Mendelian susceptibility to mycobacterial diseases (MSMD)

Many primary immunodeficiencies that lead to increased susceptibility to mycobacterial infections result from mutations in genes encoding proteins involved in either the IL-12 activation and signaling pathway (such as NEMO, IL-12, the IL-12 receptor chain, and the associated TYK2 signaling molecule) or the IFN-γ pathway. The clearance of intravesicular infections relies on IFN-γ production by TH1cells, which is stimulated by IL-12 secretion from antigen-presenting cells (APCs) (figure 1). NEMO is a ubiquitin-binding protein that helps form the IKK complex. It is involved in innate immune signaling. NEMO protein is a part of the IKK complex in the NF-κB activation pathway. NF-κB is an essential transcription factor in activating immune responses with T and B cell activation. Thus, most mutations in the NEMO gene result in more immune defects and susceptibility patterns, which are observed in patients with MSMD.

Conclusion

Many innate immune defects lead to lesser phagocytic cells or defective phagocytic processes. Chronic granulomatous disease impacts phagocytic function and occurs in two distinct forms. Chronic granulomatous disease happens due to the defective NADPH oxidase enzyme. Thus, patients with this disease suffer from infections with bacterial and fungal pathogens with excessive inflammatory responses that form granulomas. The disease is treated with antibiotics and antifungal compounds.

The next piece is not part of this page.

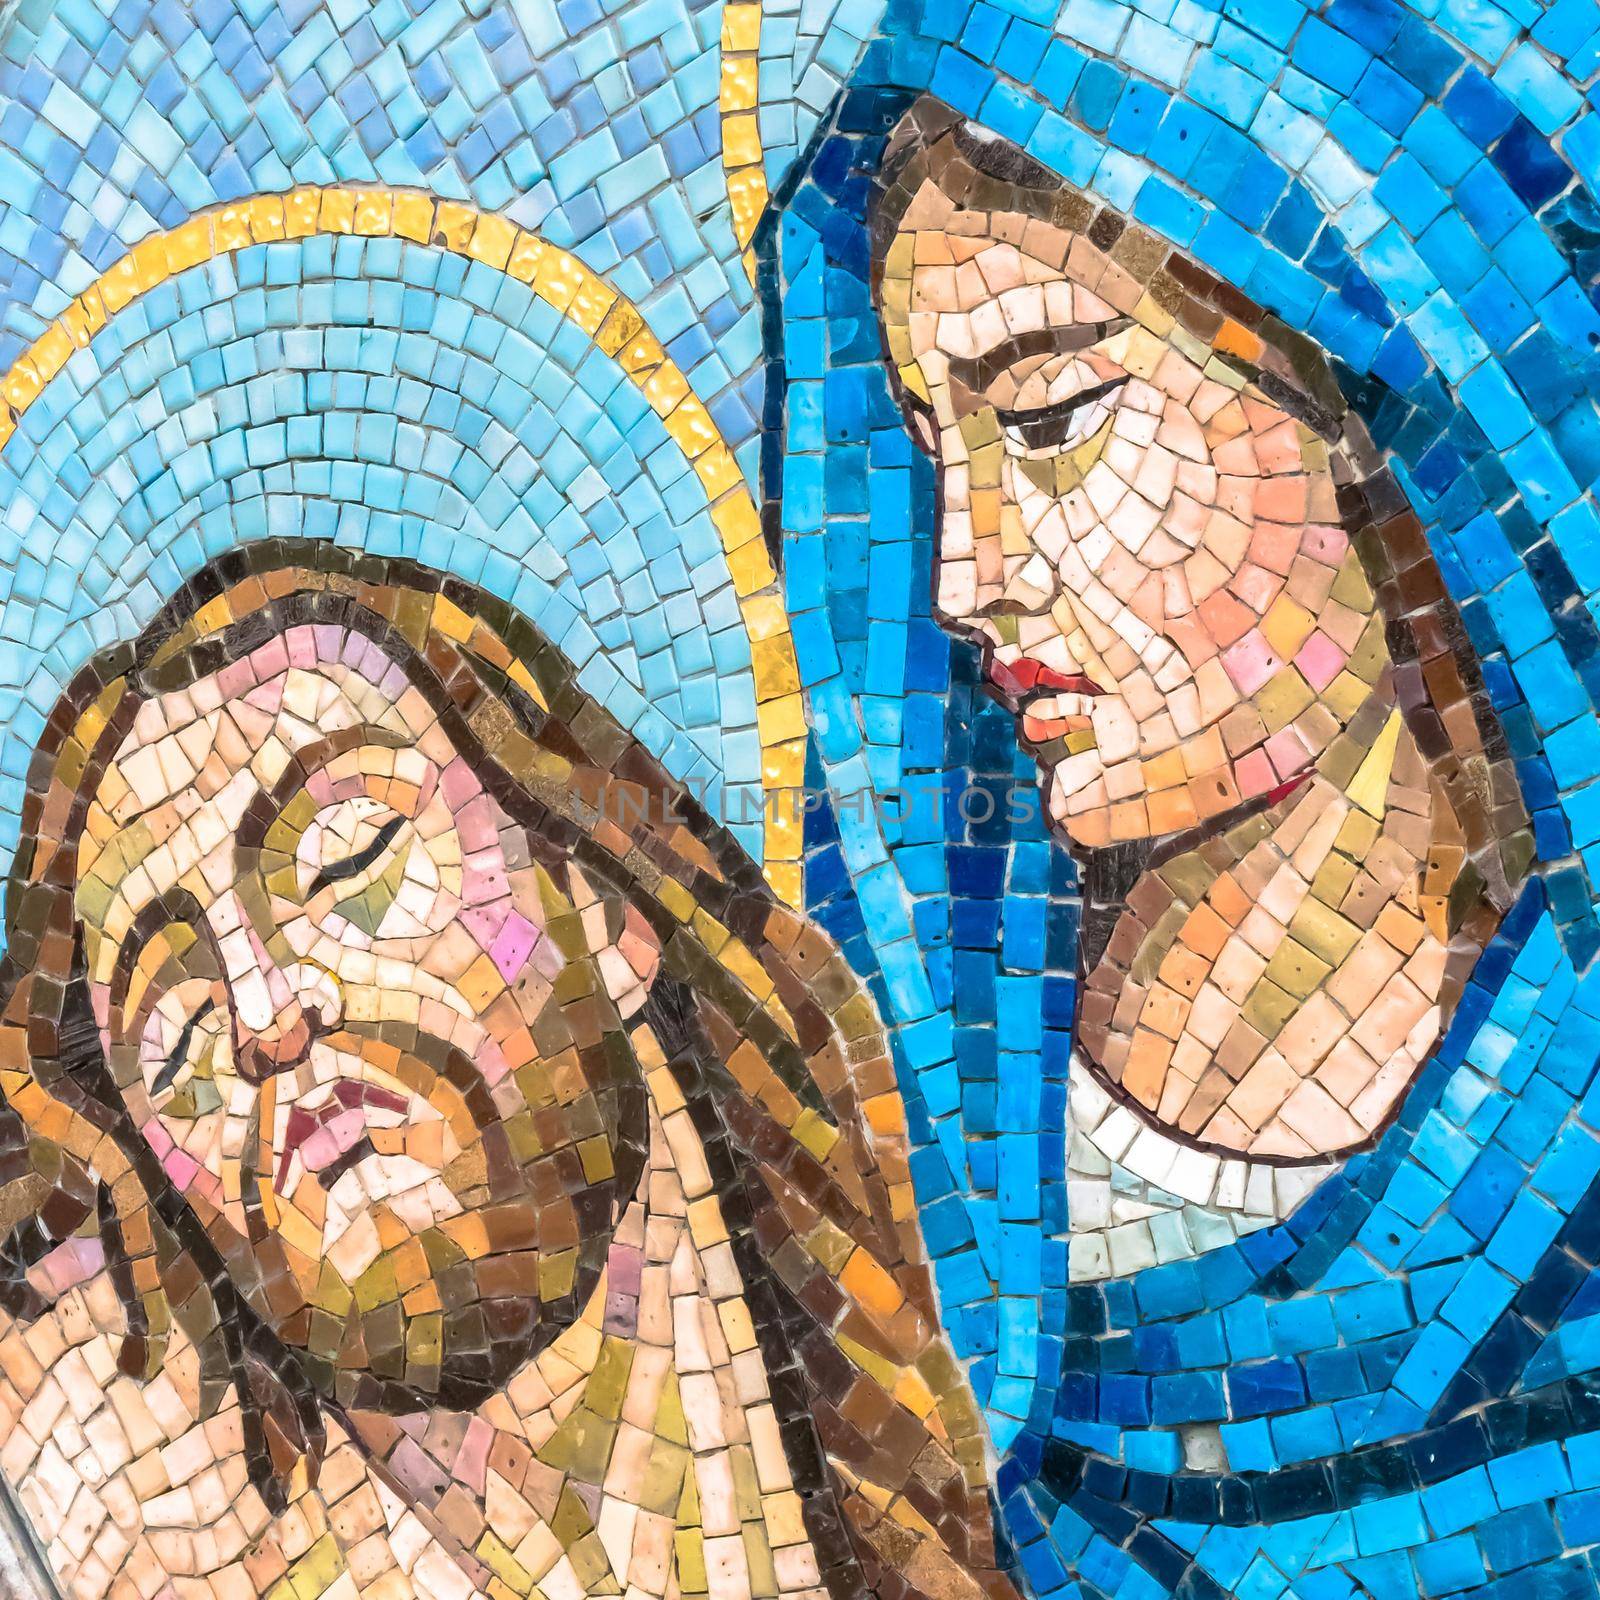 Mosaic depiction of Christ's body being in the arms of the Virgin Mary

Chediak-Higashi syndrome is a rare autosomal recessive disease characterized by recurrent bacterial infections, faulty blood clotting, pigmentation, and neurologic function. Immunodeficiency is marked by depressed numbers of neutrophils (neutropenia), and less functioning of T cells, NK cells, and granulocytes.

A group of immunodeficiency disorders has recently been classified under a mixed-cell category due to their common feature of Mendelian (single-gene) inheritance, which increases susceptibility to mycobacterial diseases (MSMDs). Many primary immunodeficiencies that lead to increased susceptibility to mycobacterial infections result from mutations in genes encoding proteins involved in either the IL-12 activation and signaling pathway (such as NEMO, IL-12, the IL-12 receptor chain, and the associated TYK2 signaling molecule) or the IFN-γ pathway.